The right decision here, and I mean "correct" or "just", is to simply change our brilliant initial design and move on. It will probably change the outcome of the project and what it looks like. This is okay.

So we refine our algorithm. Since we can't grab a "random" category, but we can search for categories that start with a sequence of characters, maybe we can pick a random letter and then search for categories that start with that letter.

Unfortunately this means if we ask for 500 categories (the max the API returns) that start with "B" with at least 16 members, we end up with an alphabetical list that starts at "B'z album covers" and ends at "B-Class Indian districts articles". You can see the result of the query here.

So asking for the first letter will just give us a small subset of categories that start with that letter. What if, instead we picked 3 random letters and searched for those? Well the problem here is that most combinations would be like "qqz" and not give us any results.

The solution I ended up picking was to grab a random English word and then search for the first three letters of that word.

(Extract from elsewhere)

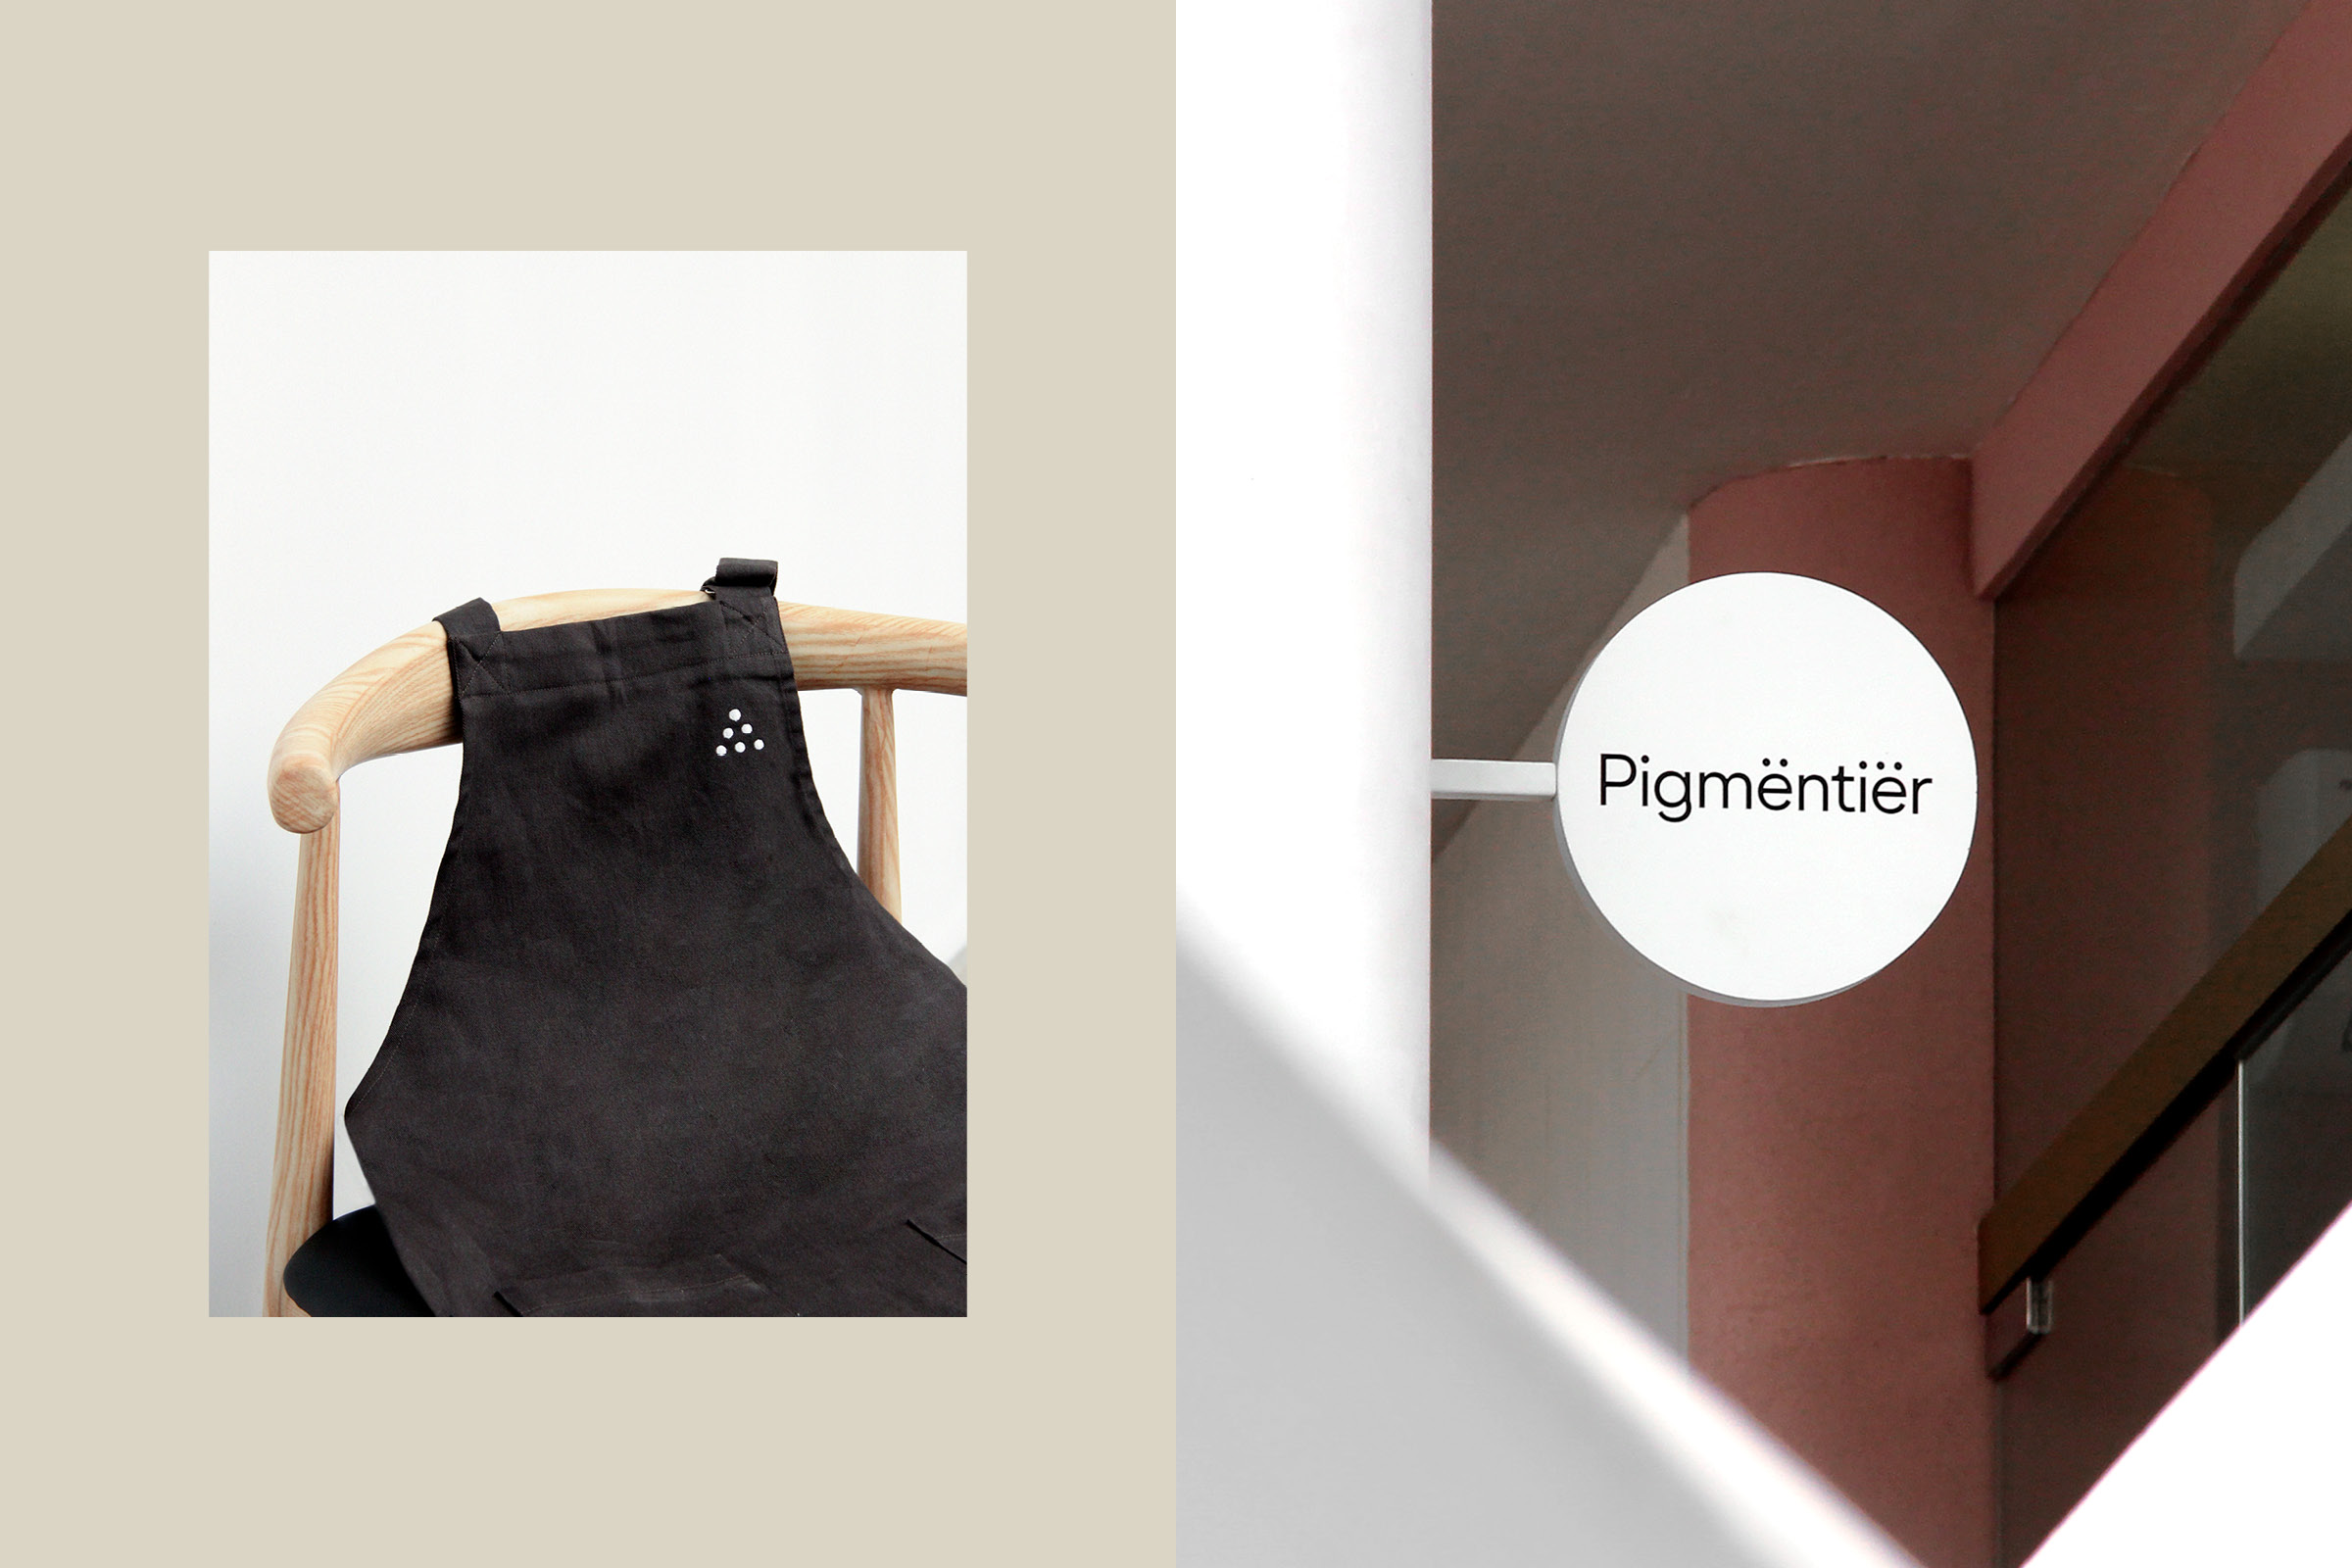 pigmentier-application4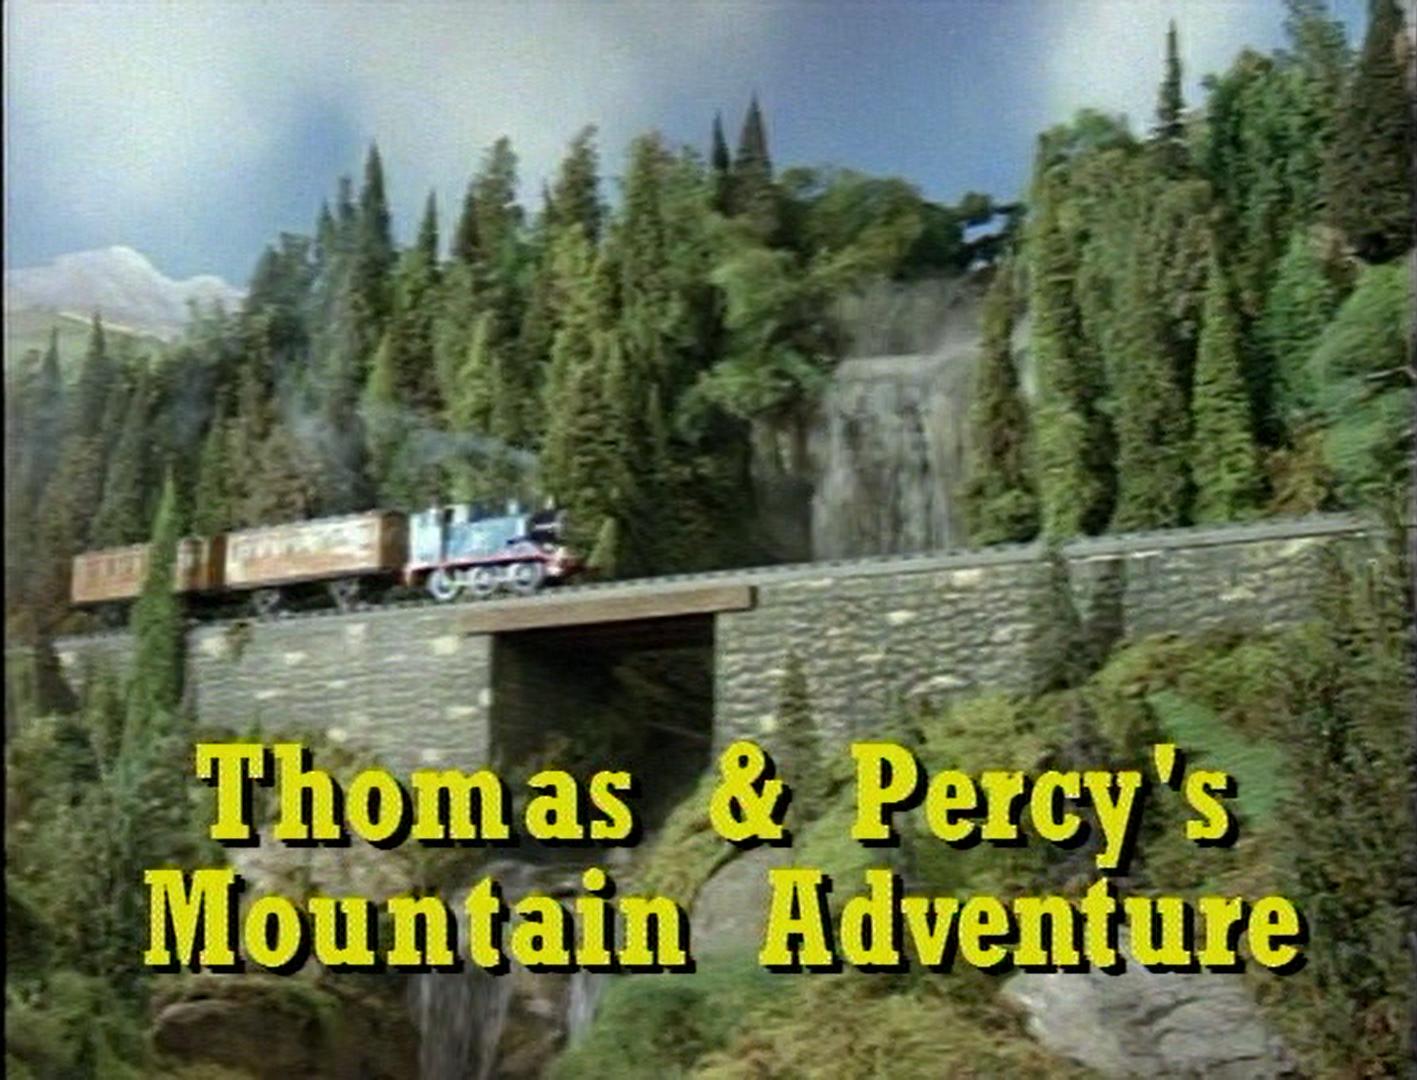 File:ThomasandPercy'sMountainAdventuretitlecard.png

That way we'd be guaranteed valid sets of letter triplets, and we'd even be biased in favor of the more common ones.

Our new algorithm:

get the first 3 letters of a random dictionary word
grab 500 Wikipedia Categories with 16+ members in alphabetical order starting with those 3 letters
- ...use a part of speech tagger to only keep ones that have plural noun in their title
- ...and that have at least 16 "Pages"
randomly pick one of these narrowed-down categories
get the list of Pages in the Category
pick 16 of them at random and draw them on the bracket

So if I grab the word "horse" and then do the second step of the algorithm with "hor", we get this result, 500 categories starting with "Horace Mann School alumni" and ending in "Horticulturists and gardeners".

Nitty-gritty and source code

Here are the technical steps:

ask RitaJS for a random word.
take the first 3 letters of that word and do a GET request on this endpoint
use Rita again, this time to get the part of speech tags for each category
throw away anything that doesn't have a word that is tagged nns (a plural noun)
throw away anything with less than 16 Pages
throw away a few other "banned terms" that gave consistently boring results (for example, anything with "articles" in it since that is usually a category that is a list of Wikipedia articles)
from the categories that remain, pick one at random
make a GET request to this endpoint to get all the Pages in the category
pick 16 and draw them on the image

For very specific details, you can find the complete source code on Github.